The interest in business of an investor is mostly linked to the real economy. Good businesses will usually do well in a growing economy; and these will do relatively better in a declining economy. Nonetheless, during the down cycles of the economy growth of most of the businesses will slow down.
However, when we consider financial assets as commodities, the dynamics completely changes. The day to day price of the stocks or bonds is determined purely by the forces of demand and supply on that particular day. The factors like storage capacity (margin money or loss bearing capacity) and carrying cost (interest rates, forward premiums etc) significantly influence the demand and supply. Temporary demand or supply disruptions (ban on short selling, hike in margins, market shut down, credit freeze etc.) significantly impact the market prices. The day to day prices usually have little or no connection with real economy.
In past three months, global central banks have added significant liquidity to the global financial system. This additional liquidity is available at near zero cost. Naturally, the demand for "securities as commodity" is higher due to higher holding capacity and lower carrying costs.
Similarly, when someone buys units of a mutual fund, he has no control over the asset or securities underlying those units. It is the discretion (or decision) of the fund manager (or index manager in case of ETF) that would decide what would be the asset underlying those mutual fund units. I wonder how could someone be termed as an investor or lender if I have absolutely no control over the security or asset I am buying or the entity I am lending to?
Also, consider if a fund manager tells you that I will interest in these five businesses and hold it for next 20years regardless of the market price of their stock, and charge you 2% every year for holding stock on your behalf. How many investors would agree to this proposition?

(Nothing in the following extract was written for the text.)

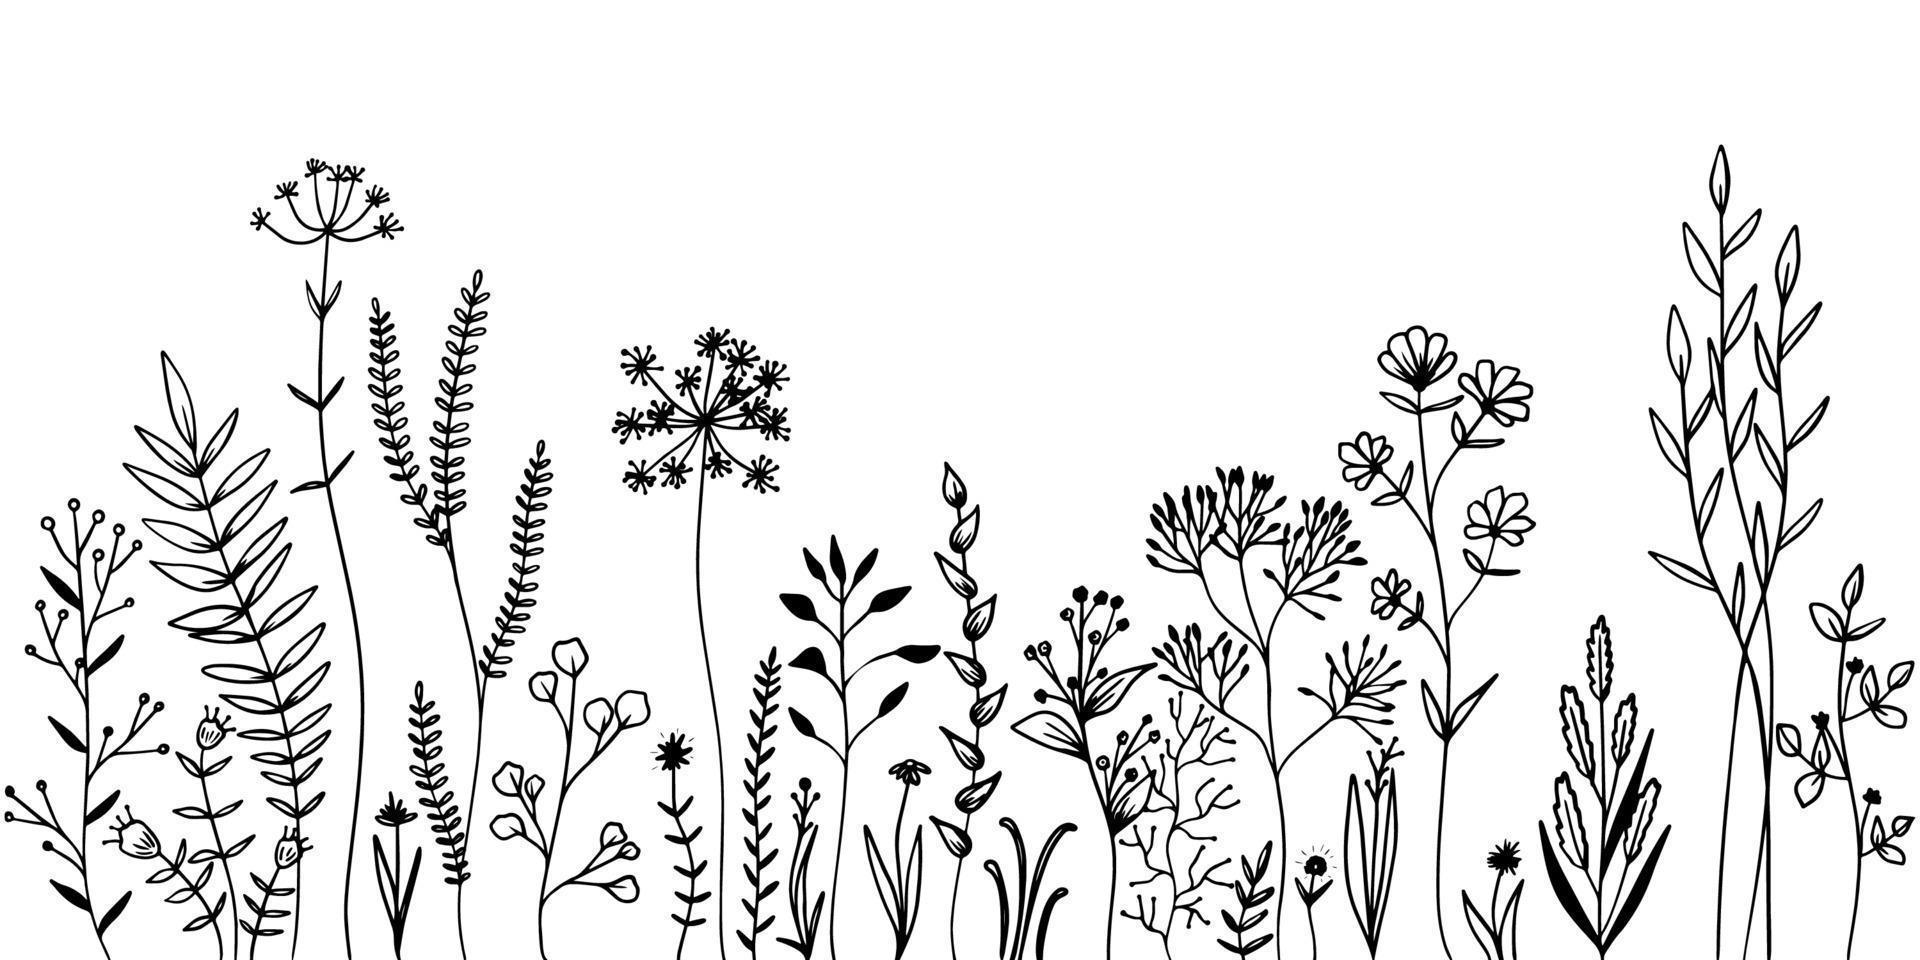 Reihe von wilden Wiesenkräutern und Blumen. hand gezeichnete schwarze vektorillustration. isolierte Elemente für das Design. vektor
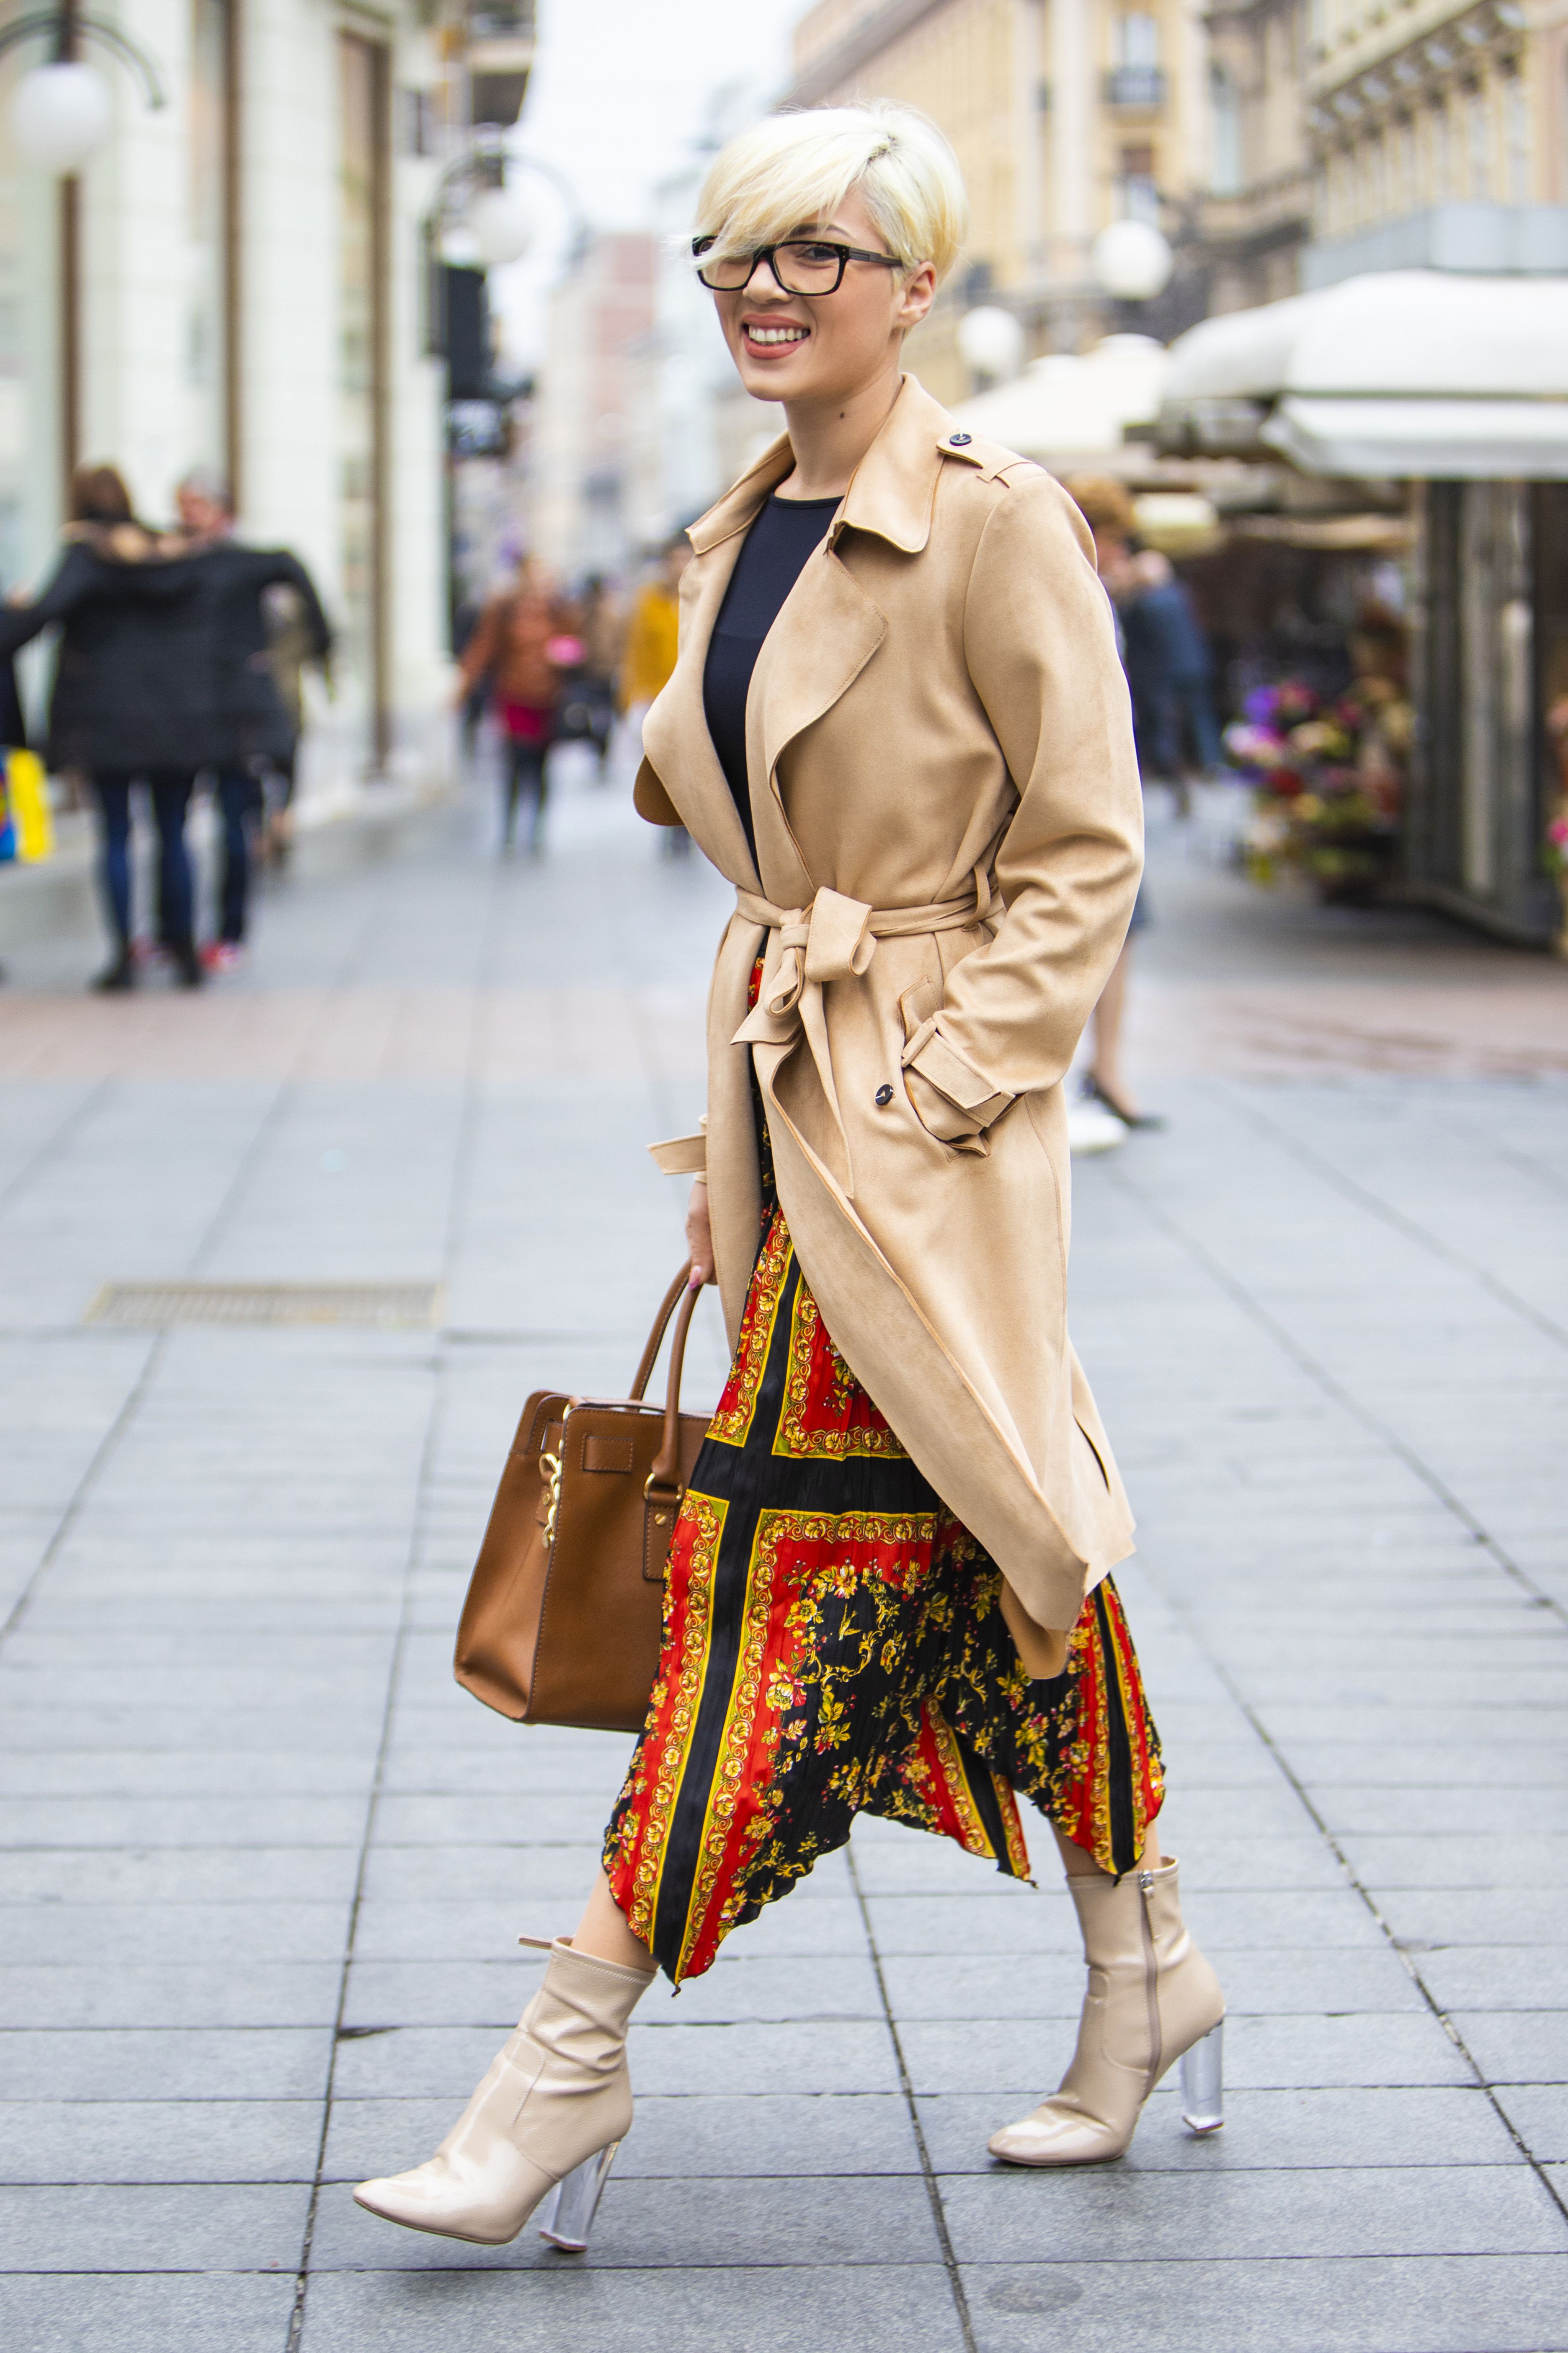 Atraktivna Dalmatinka sa špice: "Često se dogodi da kupim nešto trendi, prvo mi se rugaju, a kasnije i oni nose slično"

Obviously, when you buy units of a mutual fund, you entrust your money to an expert who has a track record of dealing in "securities as commodity". Your bet is on the jokey (fund manager) and not the horse (underlying securities); because you have no clue about or control over the horse.
Therefore, basically buying mutual units is also trading in "securities as commodity". The gains and losses from this trade are closely linked to the day to day demand and supply equilibrium without any regard to the strength of ultimate underlying business.
The occurrences in the debt mutual funds in past 12-15 months aptly illustrate this point. A debt mutual fund receives a large redemption request (excess supply) on a day when the liquidity in the market is tight. To meet the redemption obligation, the fund manager sells bonds below fair value causing loss to the unit holder. The company who had issued this bond is working perfectly fine and is fully solvent. This phenomenon can only be explained if we treat MF units as commodity, which realized less money because supply was more than demand on that particular day.
If the market participants assimilate these two manifestations of the financial assets, it would be much easier to navigate through market cycles and business (economic) cycles.